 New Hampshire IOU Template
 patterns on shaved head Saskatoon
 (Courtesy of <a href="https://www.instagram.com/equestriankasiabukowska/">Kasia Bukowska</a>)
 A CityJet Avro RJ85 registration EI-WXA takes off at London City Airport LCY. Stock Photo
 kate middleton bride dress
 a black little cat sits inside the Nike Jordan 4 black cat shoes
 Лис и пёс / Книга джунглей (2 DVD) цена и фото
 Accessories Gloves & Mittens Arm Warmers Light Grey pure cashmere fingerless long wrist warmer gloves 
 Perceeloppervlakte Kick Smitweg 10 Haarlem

*****

◆ What is required
Exactly as written, give the line containing "a black little" and all remaining lines of the records.

◆ The completed task
 a black little cat sits inside the Nike Jordan 4 black cat shoes
 Лис и пёс / Книга джунглей (2 DVD) цена и фото
 Accessories Gloves & Mittens Arm Warmers Light Grey pure cashmere fingerless long wrist warmer gloves 
 Perceeloppervlakte Kick Smitweg 10 Haarlem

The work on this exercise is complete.